All,
Tanktalus presented an interesting puzzle at Challenge: Letter Power. Given a number of categories, choose a unique word that fits each category to yield the highest score possible. Each letter used is worth 1 point the first time it is encountered, 2 points the second etc in a progressive fashion. In other words, if there were only two categories and you chose "moose" and "mother", the total score would be 16.

In the example presented by Tanktalus, the candidate word list to choose from had already been tailored to favor a high density of the letter a. I wondered what would happen if you were to generalize the problem. We both agreed that it would be too difficult to expect a computer to find words appropriate to fit a random category so instead, I have chosen to choose words at random.
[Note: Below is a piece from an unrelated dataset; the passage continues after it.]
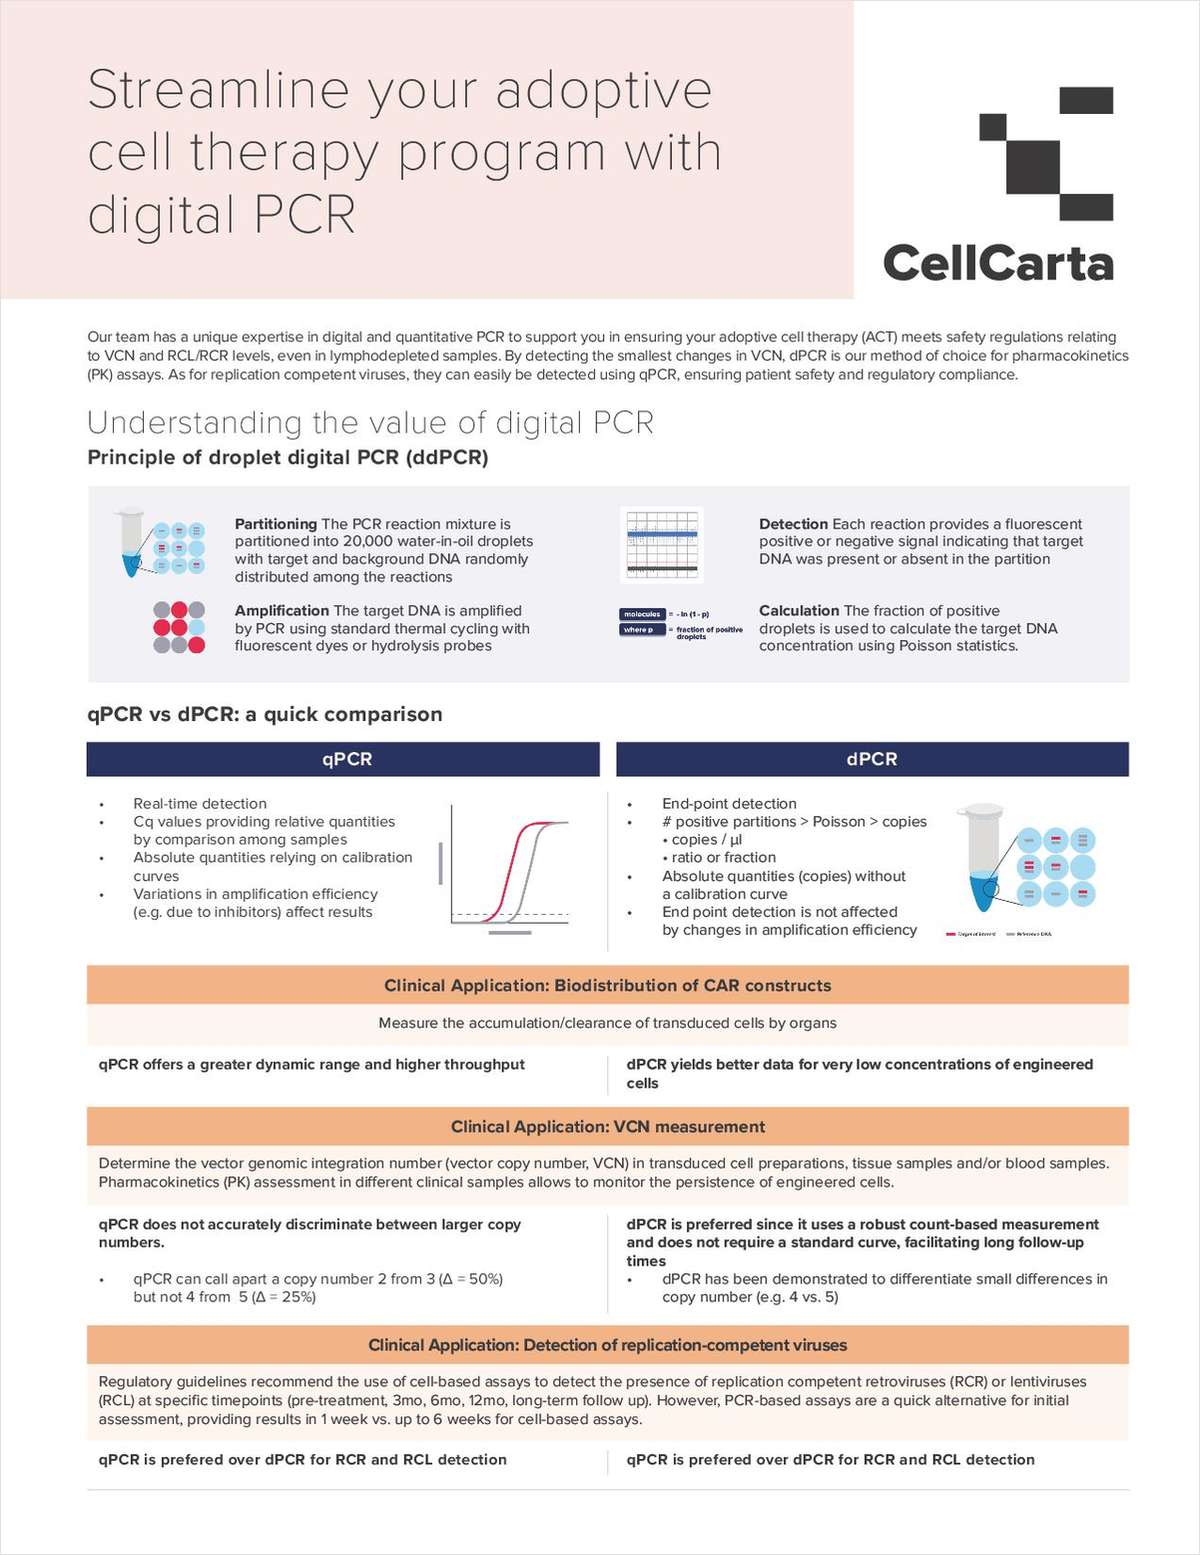 Streamline Your Adoptive Cell Therapy Program with Digital PCR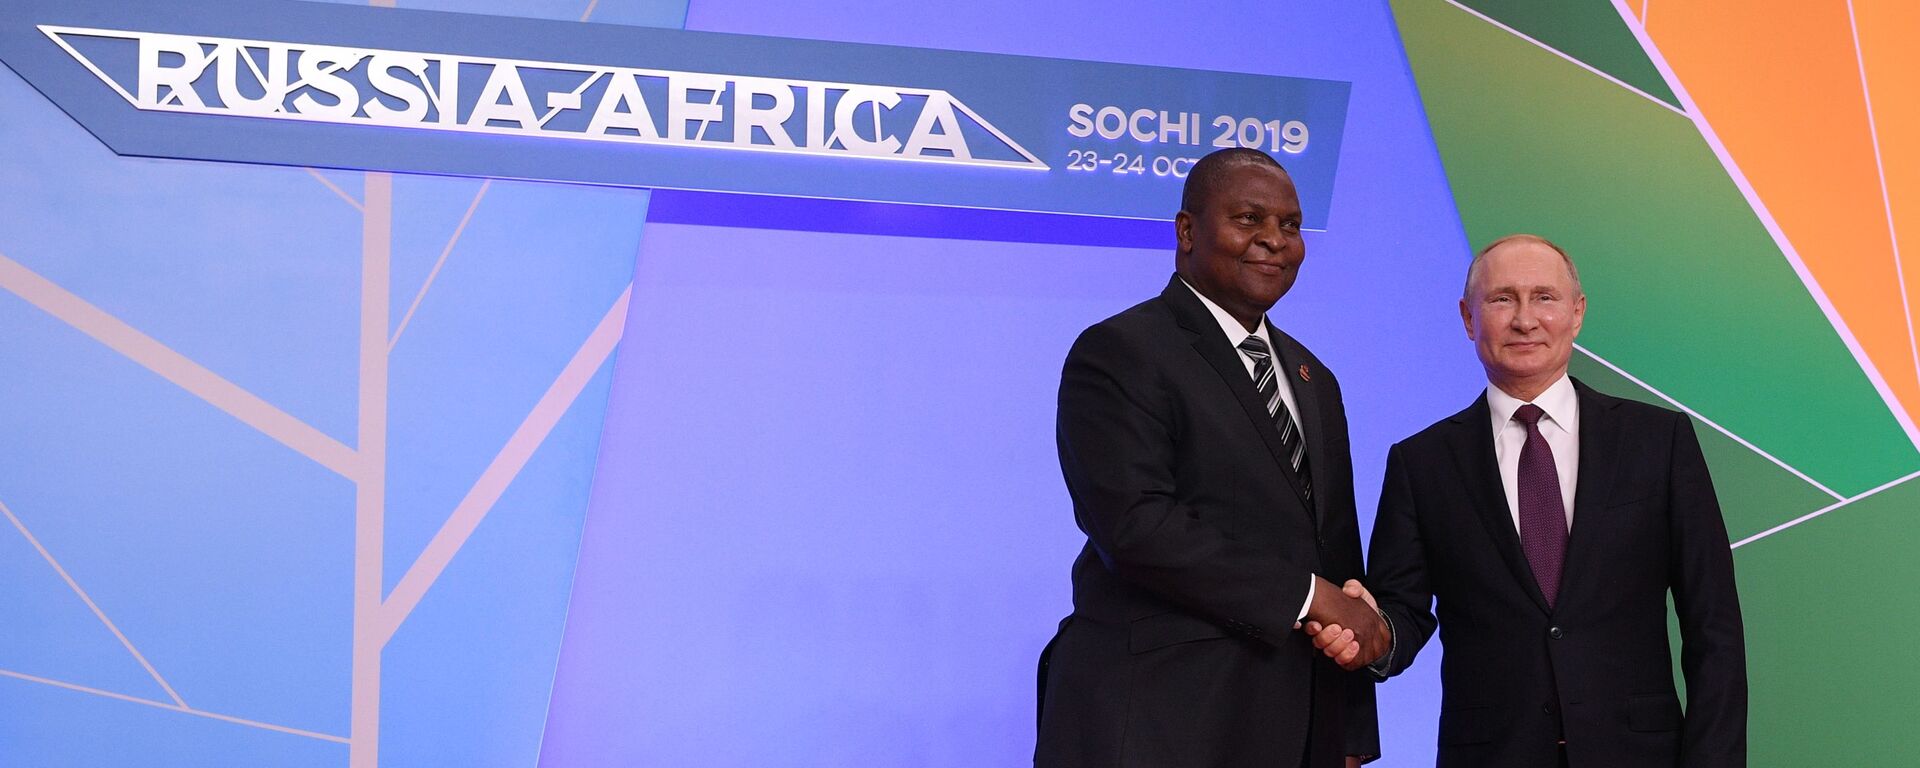 Russian President Vladimir Putin shakes hands with Central African President Faustin-Archange Touadéra in the sidelines of first Russia-Africa Summit was held on 23–24 October 2019 in Sochi, Russia. - Sputnik Africa, 1920, 18.04.2023

I have already explored a number of heuristic approaches for making a "best guess", refinement algorithms to improve a "best guess" and a naive brute force implementation in C to perform an exhaustive search to produce the guaranteed optimal solution. I will present all of that in replies to this main thread for those looking for inspiration or validation.

Challenge:

Develop a pure perl solution that, in roughly 60 seconds, will provide a high scoring solution to a given puzzle. I will be providing a number of canned puzzles with the known best solution as well as code you can use to generate your own. There is no penalty for prep work behind the scenes so if you have some ingenious idea to construct a database of solutions or what not - by all means. Just keep in mind that the presented solution must be pure perl and finish within roughly 60 seconds.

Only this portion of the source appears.